Inductor 200 includes outer ring 210, middle ring 220, and inner
ring 230. Outer ring 210 of includes terminals 212 and 214.
Terminals 212 and 214 are used to connect inductor 200 to other
devices of IC 100.
[0013] Connection 240 couples outer ring 210 to middle ring 220.
Similarly, connection 245 couples middle ring 220 to inner ring
230. The above-described elements of inductor 200 may be disposed
in one or more device layers of IC 100. For example, in some
embodiments, outer ring 210 is disposed in layer 130, middle ring
220 is disposed in layer 140, and inner ring 230 is disposed in
layer 150. Accordingly, connection 240 comprises a via between
layer 130 and layer 140, and connection 245 comprises a via between
layer 140 and layer 150.
[0014] In one example of operation, a signal flows from terminal
212 through a lower half of outer ring 210 and to middle ring 220
via connection 240. The signal continues through an upper half of
middle ring 220 and to inner ring 230 via connection 245. The
signal flows completely through inner ring 230 and out to middle
ring 220 via connection 245. After passing through a lower half of
middle ring 220, the signal exits to a top half of outer ring 210
and on to terminal 214 via connection 240.

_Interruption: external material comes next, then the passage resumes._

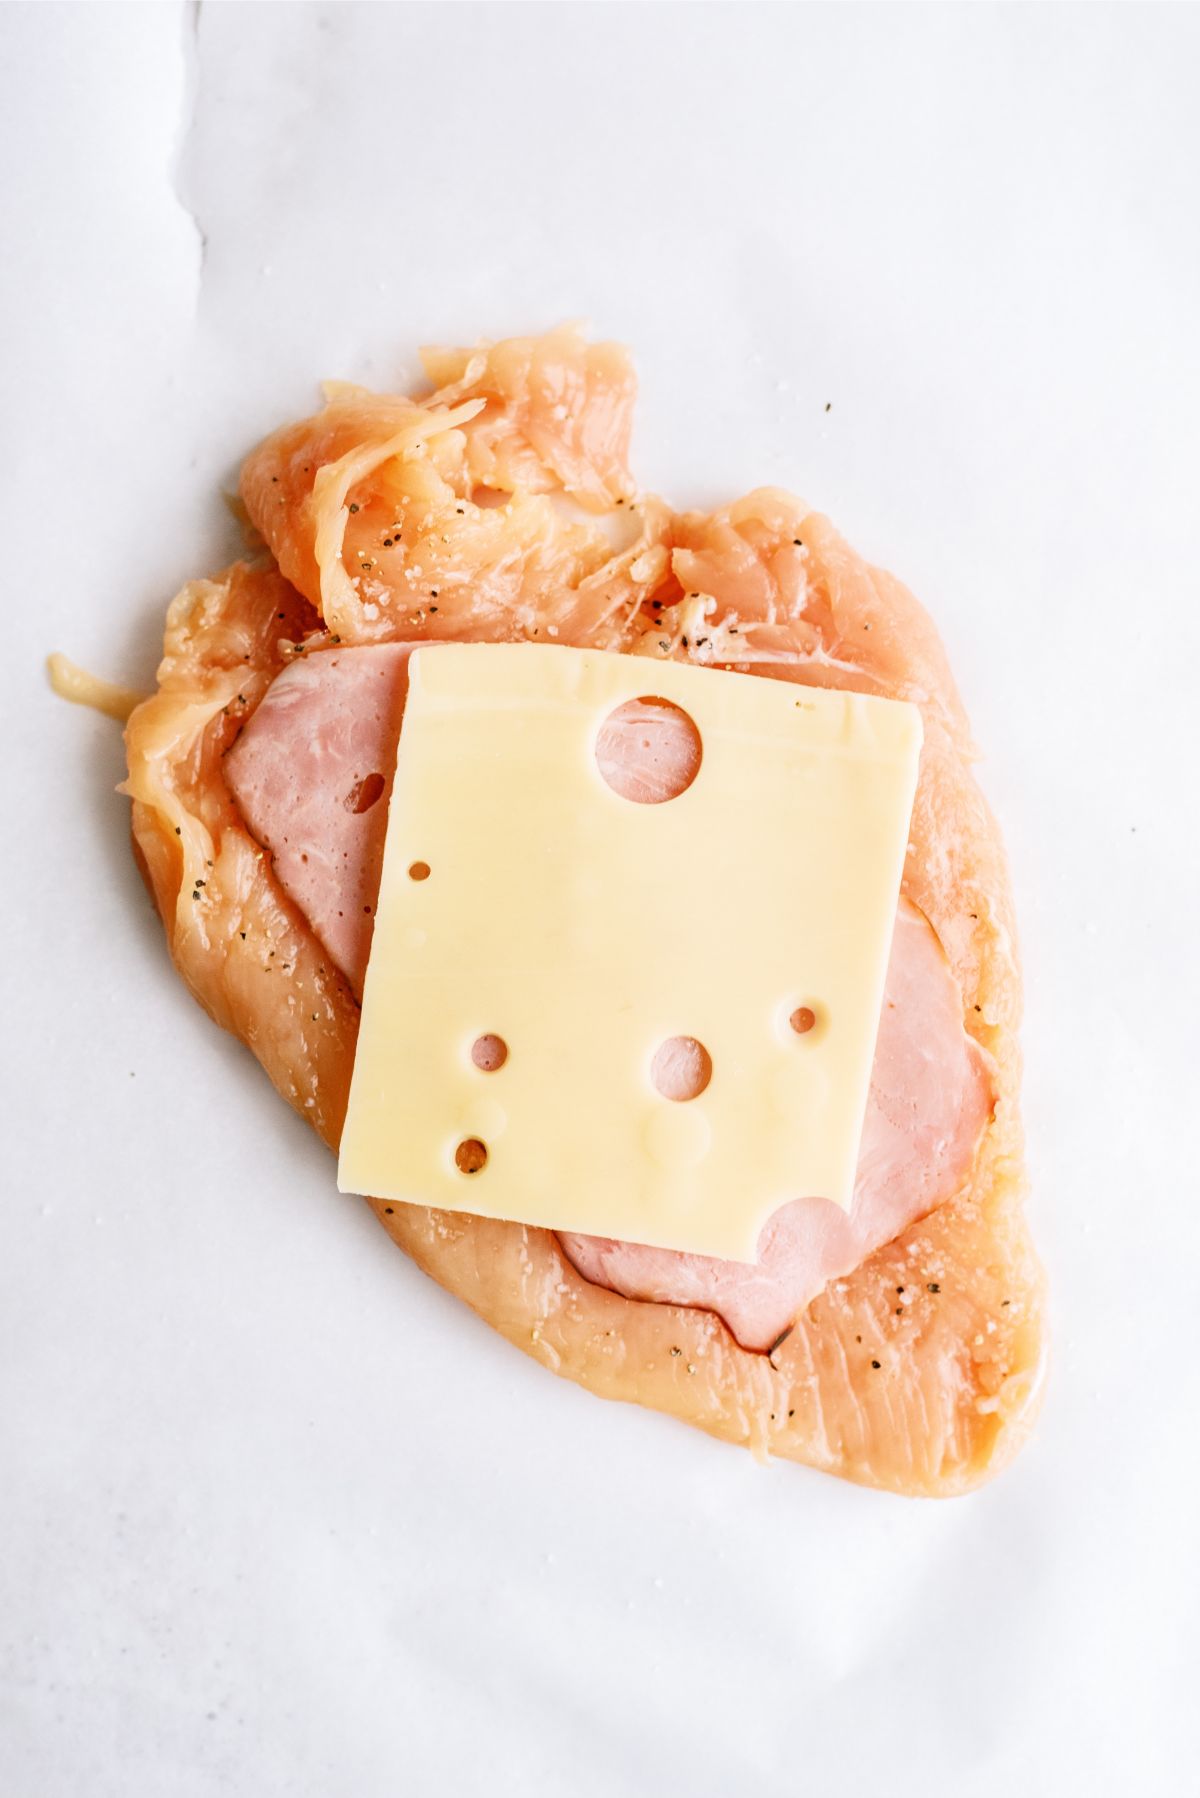 Slice of ham and a slice of cheese on top of a flattened chicken breast

[0015] Metallic units 250 are disposed proximate to inductor 200
within an area circumscribed by inner ring 230. Metallic units 250
may be sized and/or shaped to satisfy a metal density rule in
conjunction with inductor 200. In a case that elements of inductor
200 are disposed in respective ones of a plurality of device
layers, one or more of metallic units 250 may be disposed proximate
to the inductor elements in the plurality of device layers. In some
embodiments, such a configuration satisfies a metal density rule
for each of the plurality of device layers.
[0016] Metallic units 250 and inductor 200 may be composed of an
identical metal. Suitable metals include copper and aluminum.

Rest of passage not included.